### REQUIRED ACTION
Would you transcribe the listing that follows, character for character, and omit its images?
--- MATERIAL PROVIDED Enclosed Below ---
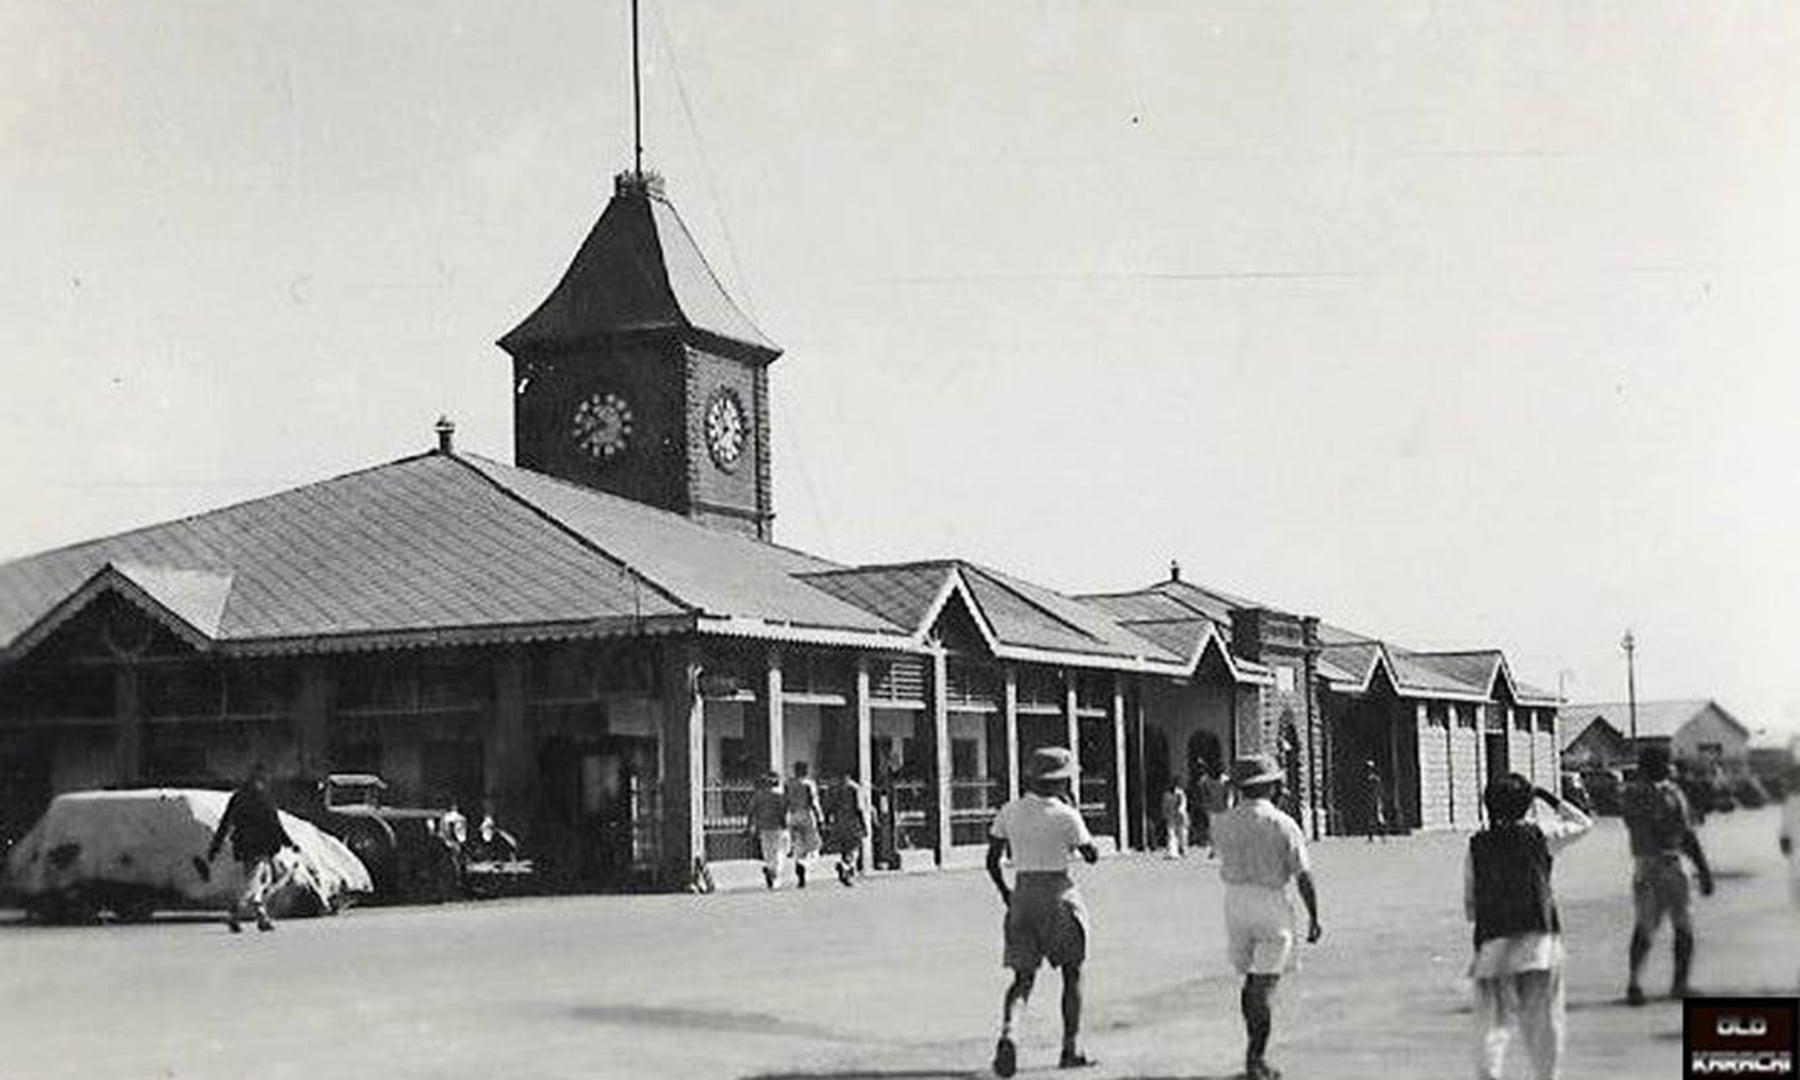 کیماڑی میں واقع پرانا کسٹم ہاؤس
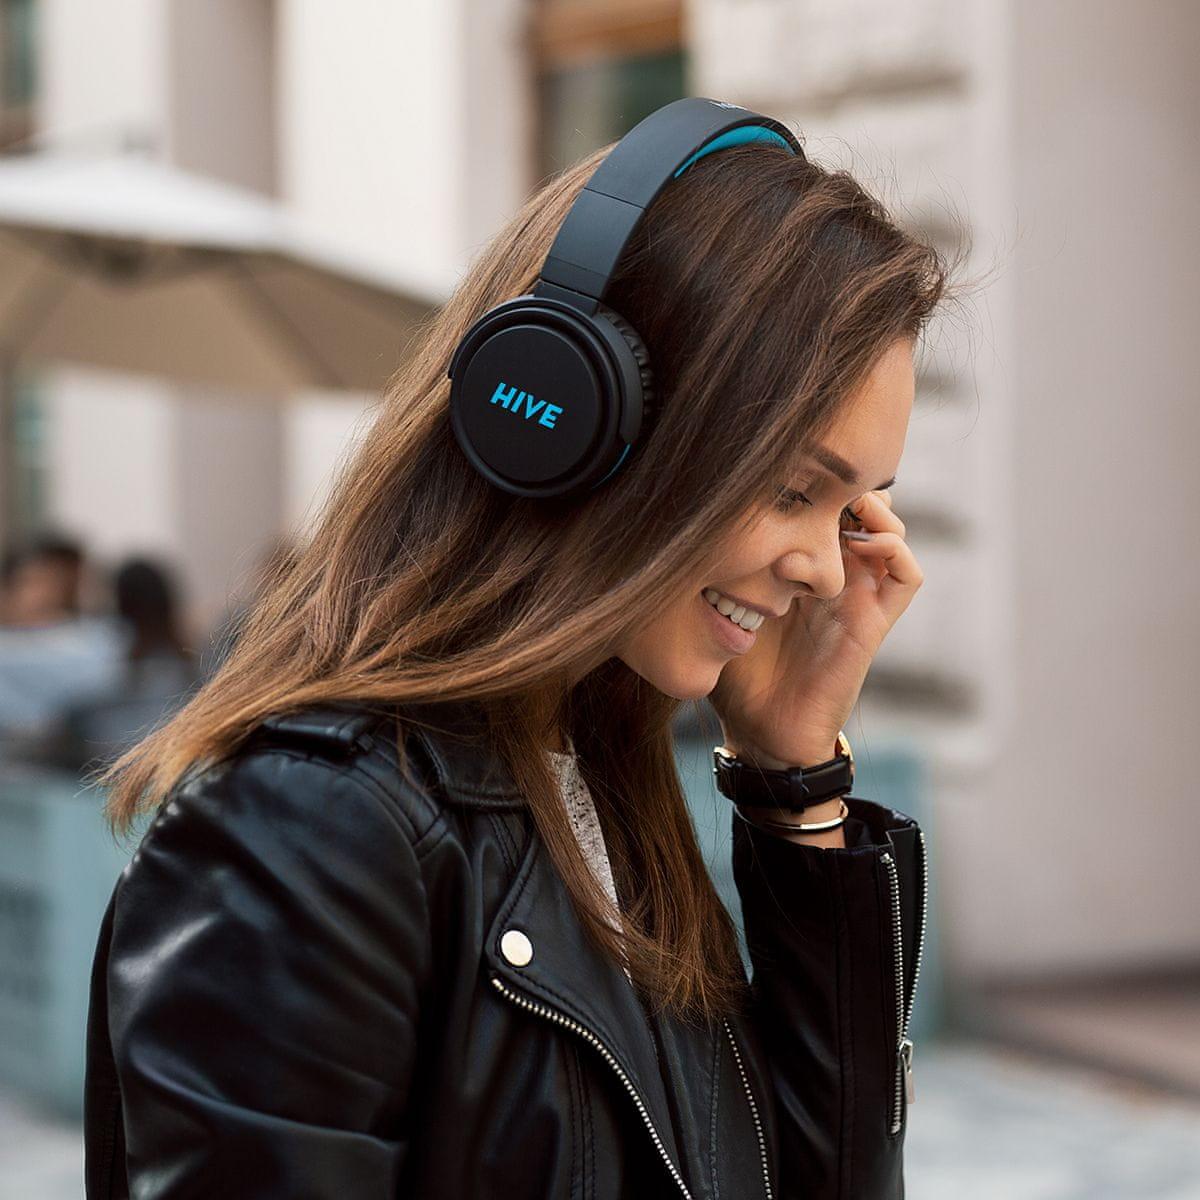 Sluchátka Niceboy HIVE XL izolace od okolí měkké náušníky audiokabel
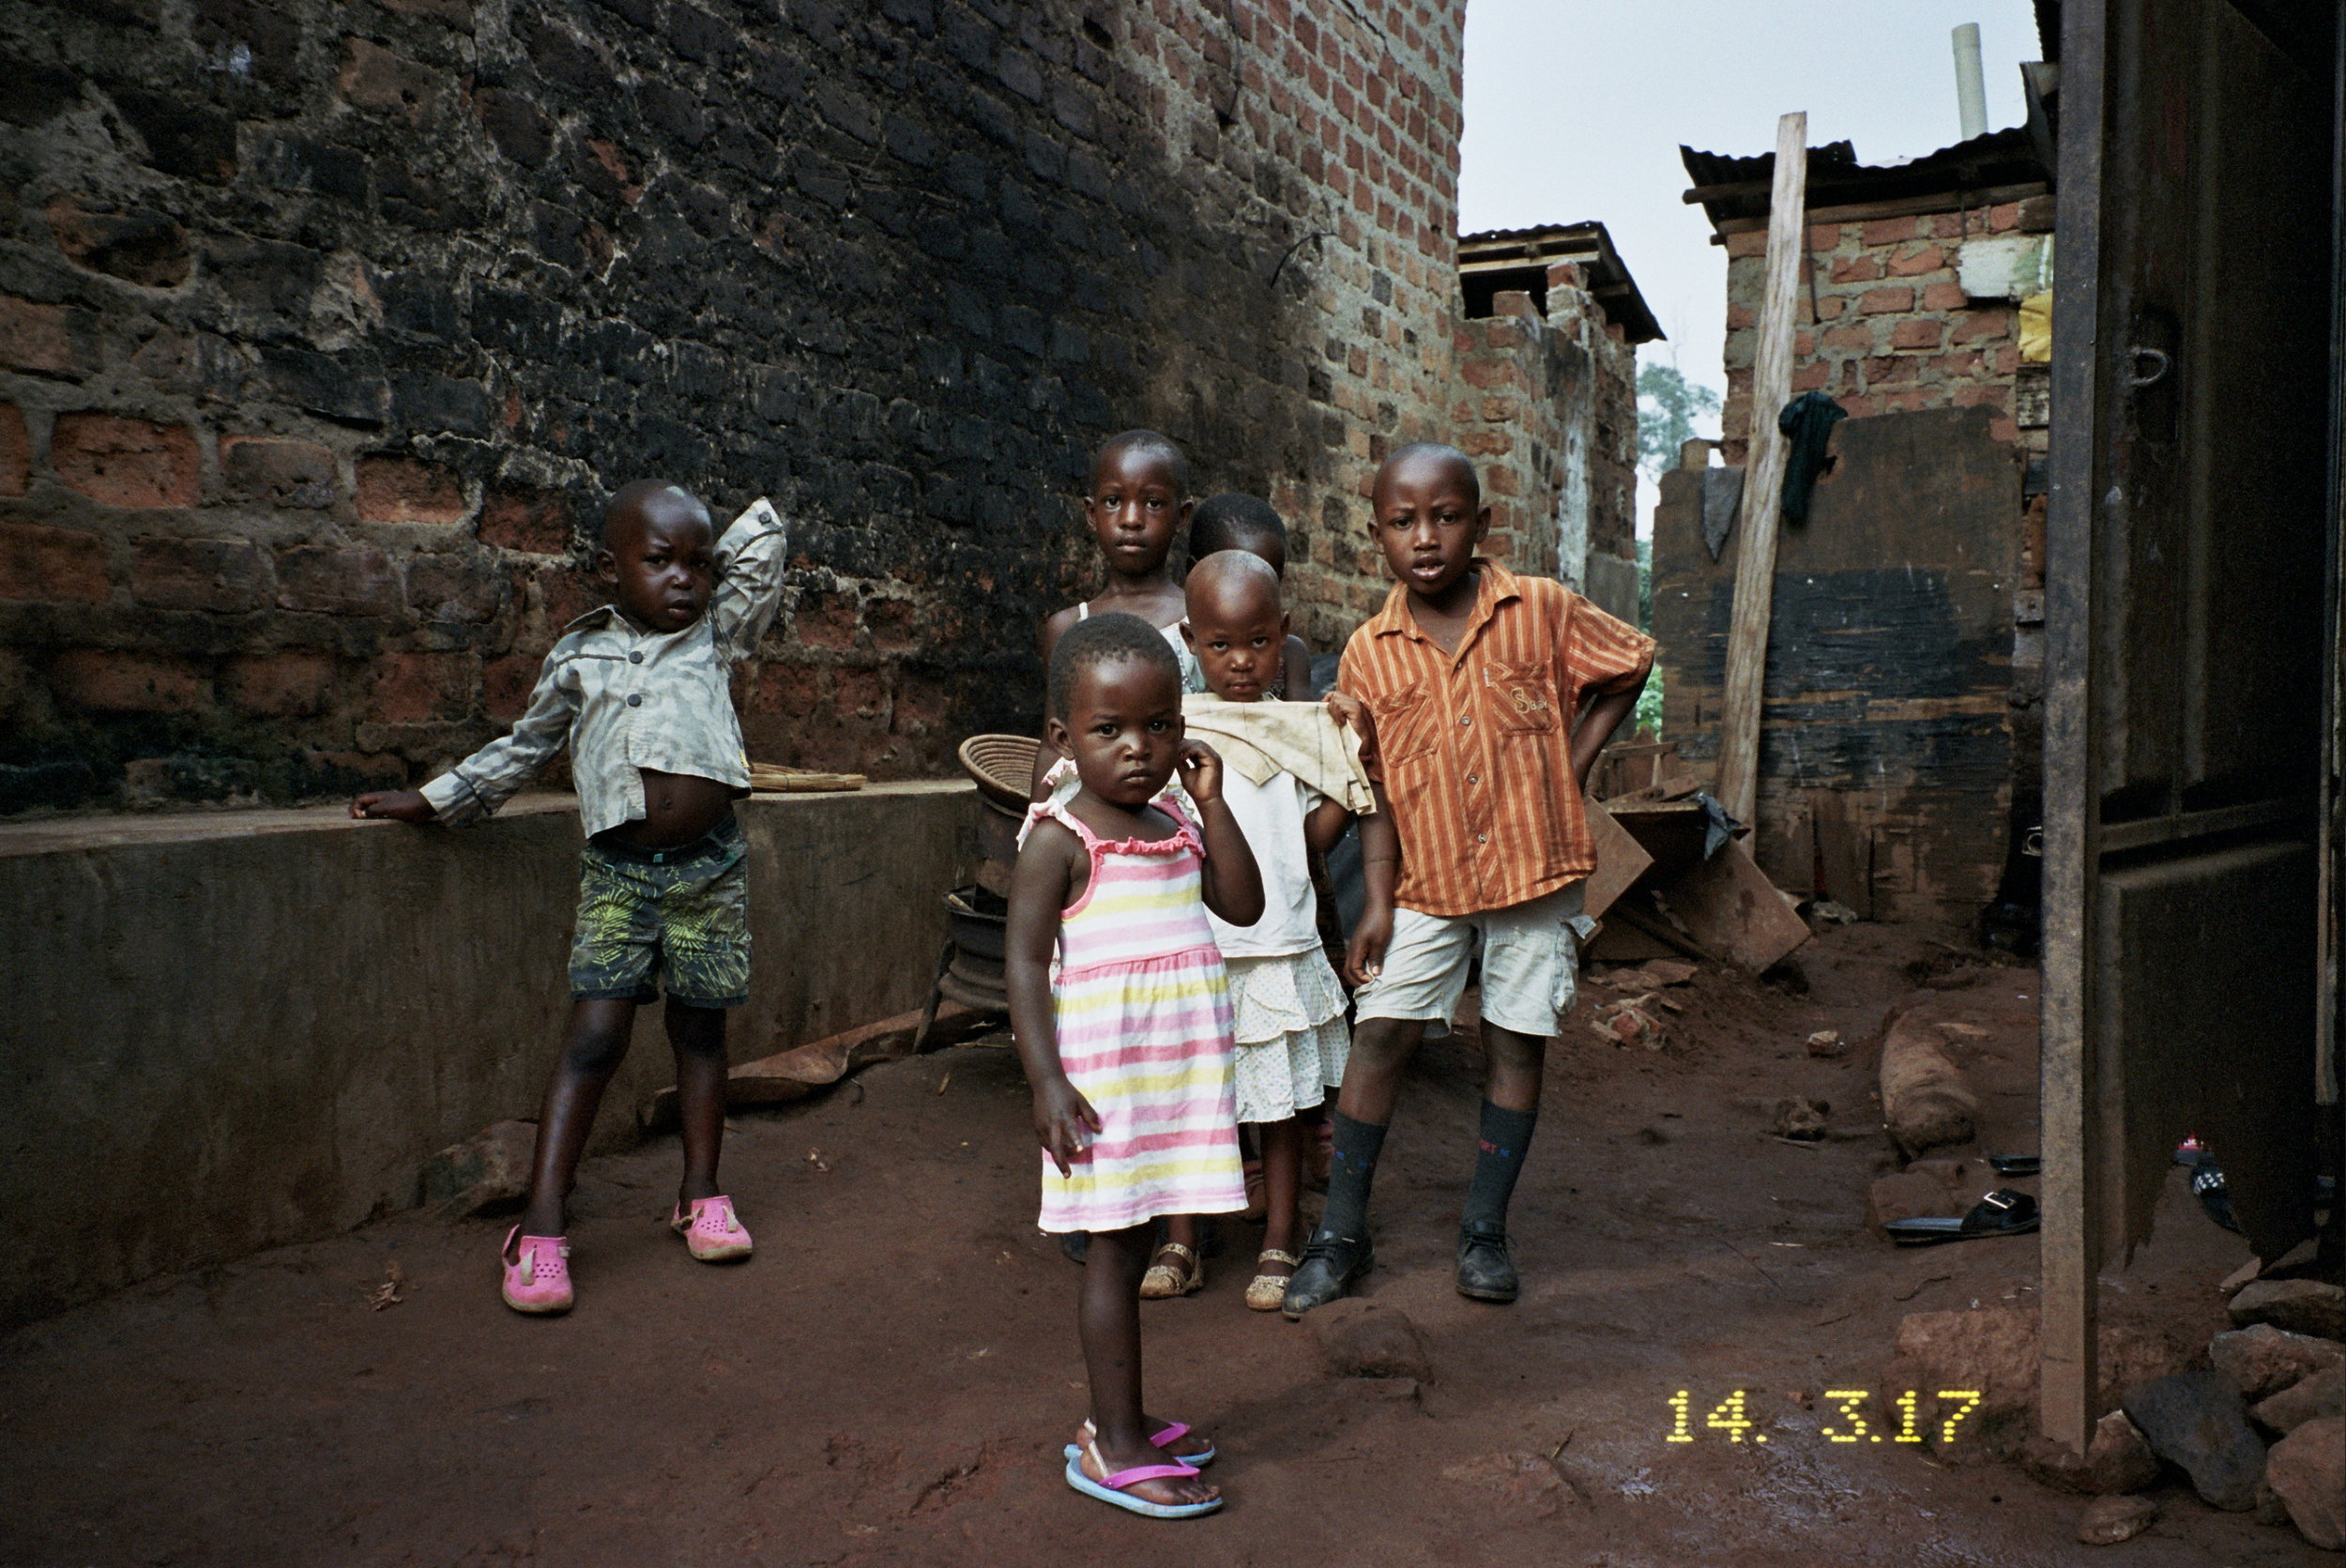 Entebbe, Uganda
--- End of Enclosed MATERIAL PROVIDED ---
### RESULT FOR THIS TASK
 کیماڑی میں واقع پرانا کسٹم ہاؤس
 Sluchátka Niceboy HIVE XL izolace od okolí měkké náušníky audiokabel
 Entebbe, Uganda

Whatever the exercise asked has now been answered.